Оказавшись из-за излишней горячности Томпсона без переводчика, Феруэлл не сумел наладить контакта с жителями побережья и с большим риском вынужден был вернуться на борт брига. На обратном пути погода благоприятствовала мореплавателям, и им удалось наконец войти в Порт-Наталь и стать на якорь у острова, который в честь этого события был назван островом Солсбери.
Здесь они расположились на длительную стоянку, и Кинг, во исполнение данного им Оуэну обещания, произвел промеры глубин бухты.
Скорее всего именно в это время и произошло окончательное сближение Кинга и Феруэлла. Во всяком случае, торговая компания теперь освободилась от одного из компаньонов и вместо «Феруэлл, Томпсон и K°» могла именоваться «Феруэлл, Кинг и K°».
Итак, мужественные негоцианты вернулись в Кейптаун с готовым планом, согласно которому они и разделили обязанности. Чем занялся Томпсон, мы не знаем, но Кинг с первым же попутным судном отправился в Лондон, дабы заинтересовать британское правительство перспективами развития торговли на восточном побережье Африки. Феруэлл с той же целью принялся бомбардировать проектами местные власти. Правда, не очень рассчитывая на Кинга, он взял себе в компаньоны некоего Генри Фрэнсиса Финна.
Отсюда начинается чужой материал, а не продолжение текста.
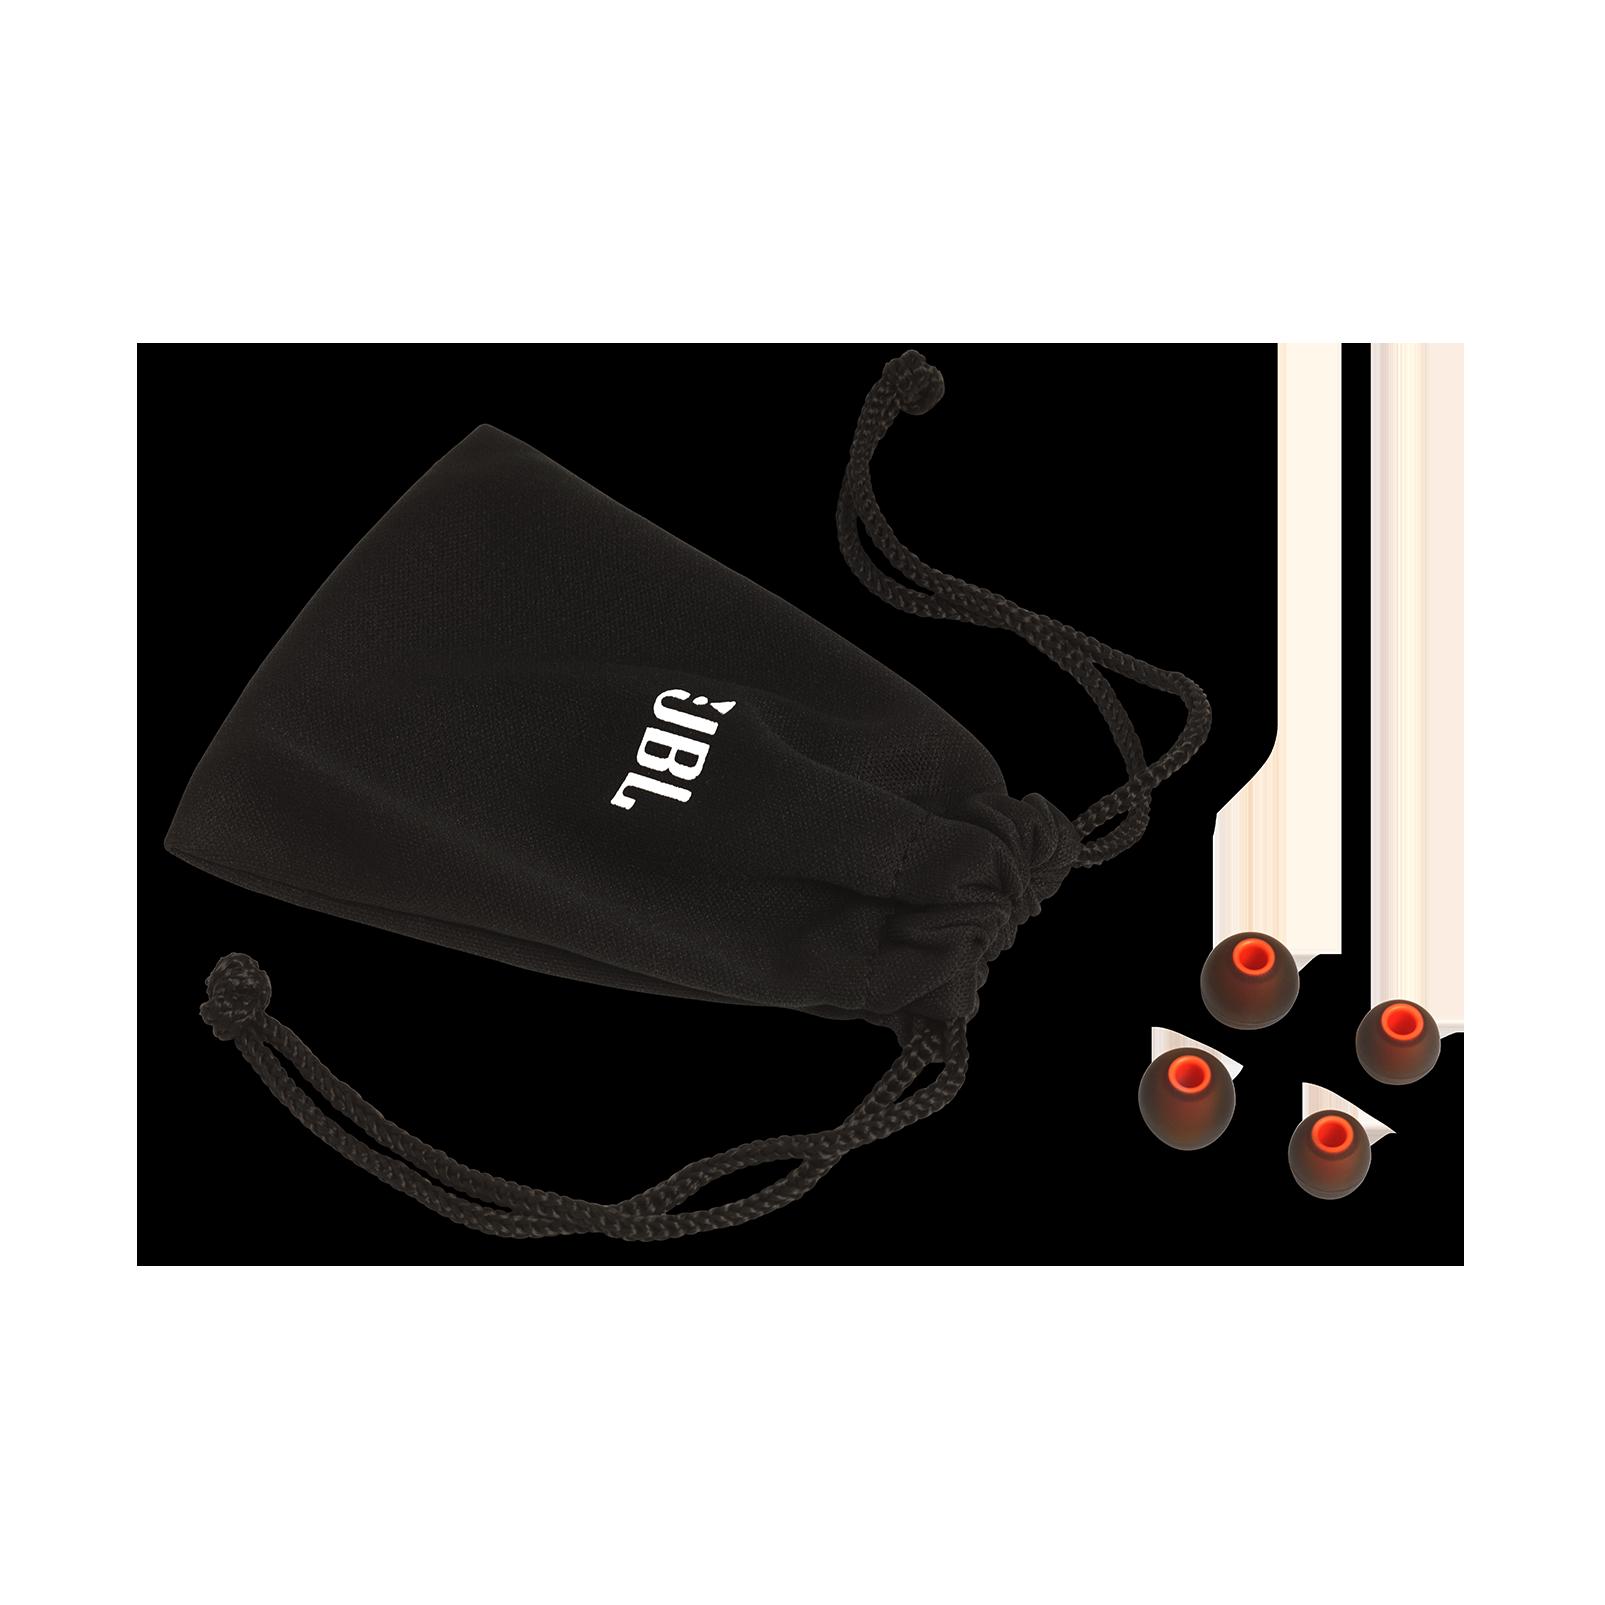 JBL TUNE 210 - Black - In-ear headphones - Detailshot 5

Компании по эксплуатации ресурсов восточного побережья Африки возникали весьма легко, компаньоны вступали в содружества и расторгали союзы без особых колебаний, но это отнюдь не свидетельствовало об их легкомыслии или пренебрежительном отношении к «высоким целям». Просто в этих краях «бремя белого человека» взваливали на себя те представители «строителей Британской империи», которые никак не могли тягаться со своими коллегами, осевшими в иных, уже освоенных районах земного шара. У тех уже были сделаны капиталовложения, в Лондоне открыты солидные конторы, а в банках — не менее солидные счета. На конкурентов они смотрели настороженно, а «вольным стрелкам», которым, кроме собственной, замешенной на авантюризме предприимчивости, нечего было вложить в дело, нетрудно было и на рее повиснуть.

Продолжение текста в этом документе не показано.